Для крестьянки Елизаветы Никаноровны Кокиной душевные извивы рефлектирующей интеллигенции — материя малознакомая. Однако и она готова возразить своему бывшему барину. Услыхав, как сложилась судьба детей Валентина Феликсовича после его пострижения в монахи, бывшая горничная Войно-Ясенецких разразилась следующей филиппикой:

— Значит, он только о себе думал? В рай хотел, а дети — как знаешь... Мать бы этого никогда не позволила. Если бы он один был, тогда другое дело: молись, иди в монахи. А так, как же он бросил маленьких? Что ж это он так?..

Далее последовал рассказ, призванный, так сказать, иллюстрировать тезис о том, как следует поступать в подобных обстоятельствах. Муж покойной сестры Елизаветы Никаноровны, мужик из соседней деревни, остался вдовым при пятерых детях. Старшей дочери было тринадцать, младшему — полтора годика. Легко ли мужику с такой обузой? Но он другой жены не взял, так и ходил вдовый, пока не выдал замуж старшую дочь. «Вот...» — тяжело вздохнув, сказала Елизавета Никаноровна. И в заключительном этом вот звучал бескомпромиссный осуждающий вердикт легкомысленному барину, доктору Войно-Ясенецкому.

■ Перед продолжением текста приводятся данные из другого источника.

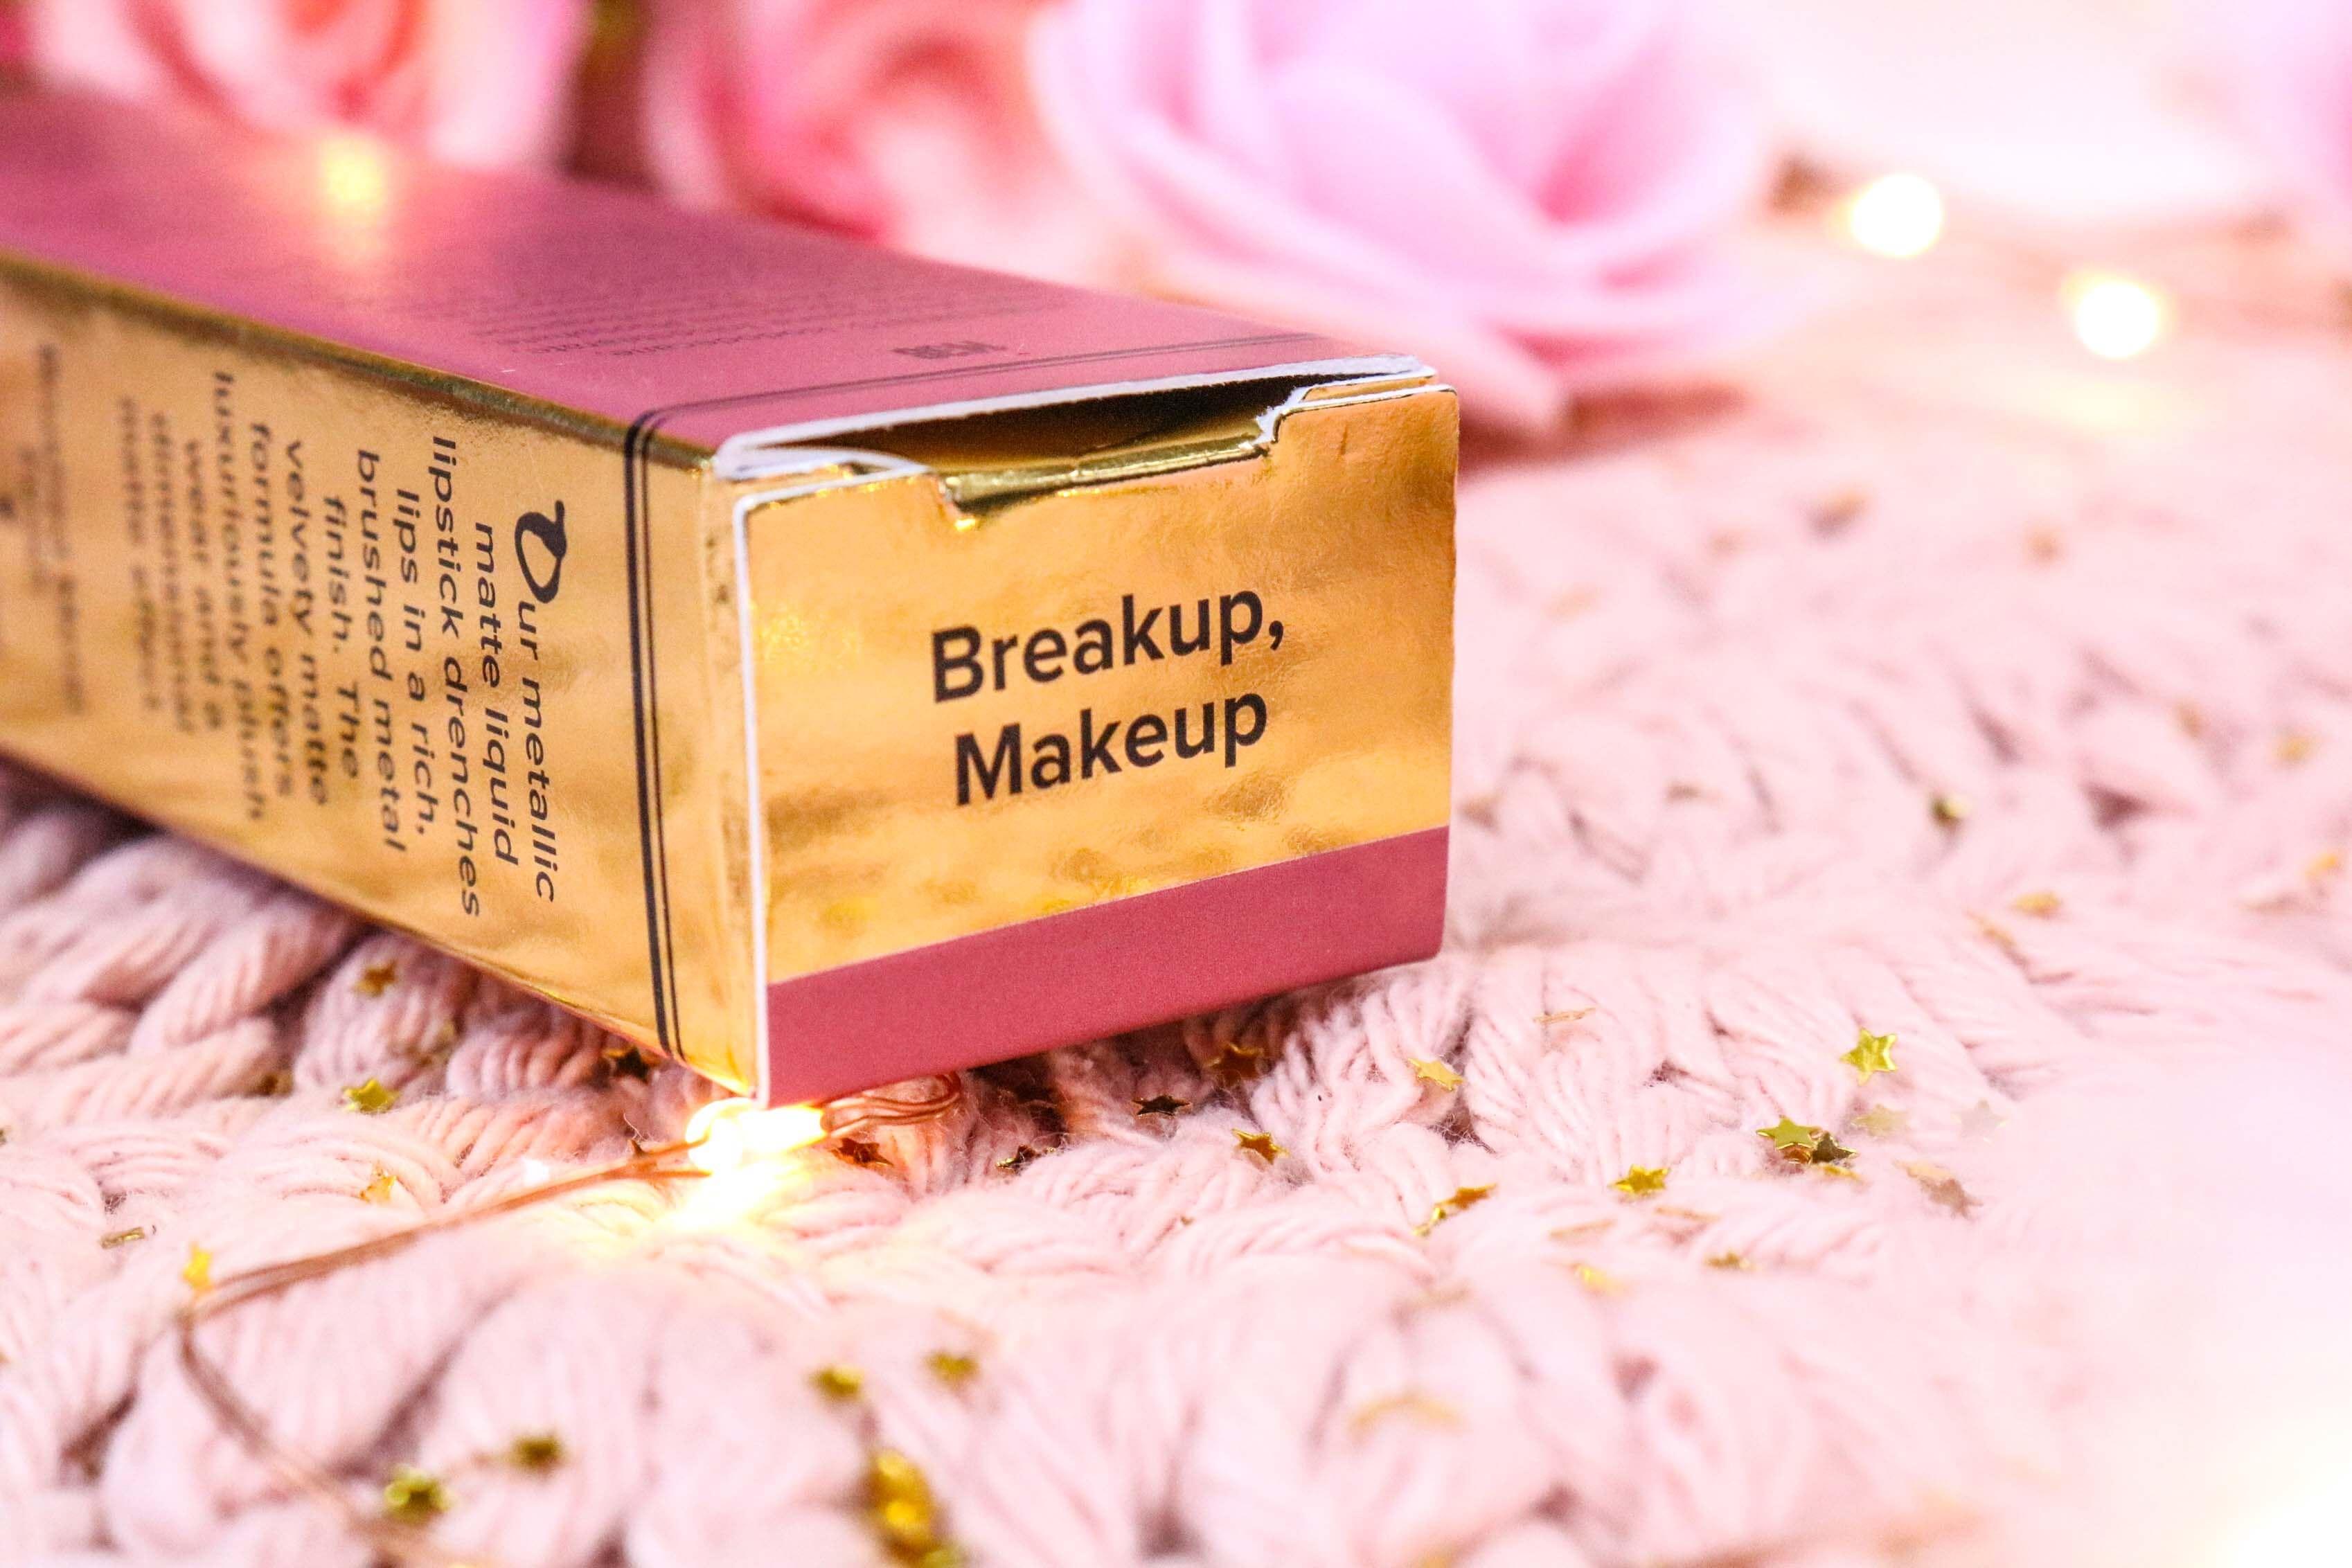 revue-melted-matte-tallic-rouge-a-levres-breakup-makeup-makeupbyazadig-sortie-france-influencer-swatch-avis-prix-gold

Я далек от того, чтобы оспаривать здравый смысл, к которому в нашем случае с равным энтузиазмом взывает и ташкентская профессура, и неграмотная крестьянка из лесного поселка Щелканка. Здравый смысл всегда был и, очевидно, навсегда останется главной шкалой ценностей для человека из толпы. Этот критерий нельзя назвать ложным или недостойным, ибо в обыденной жизни все мы измеряем, взвешиваем поступки своих ближних и своими мерками все того же здравого смысла. За единицу измерения при этом принимается количество пользы, которую приносит каждый поступок. Большая польза всегда лучше пользы маленькой. Но и маленькая хороша, когда нет никакой другой. В том, что профессор Войно-Ясенецкий надел рясу и крест в пору, когда за рясу и крест сажали в тюрьму, здравый смысл современников не усматривает решительно никакой пользы. Наоборот даже, ясно был виден вред этого поступка как для самого профессора, так и для его семьи. То обстоятельство, что сам профессор не хотел или не мог видеть этого, показывало, что здравым смыслом он не обладает, что в этической системе имеется какой-то порок. Таков голос массы, большинства.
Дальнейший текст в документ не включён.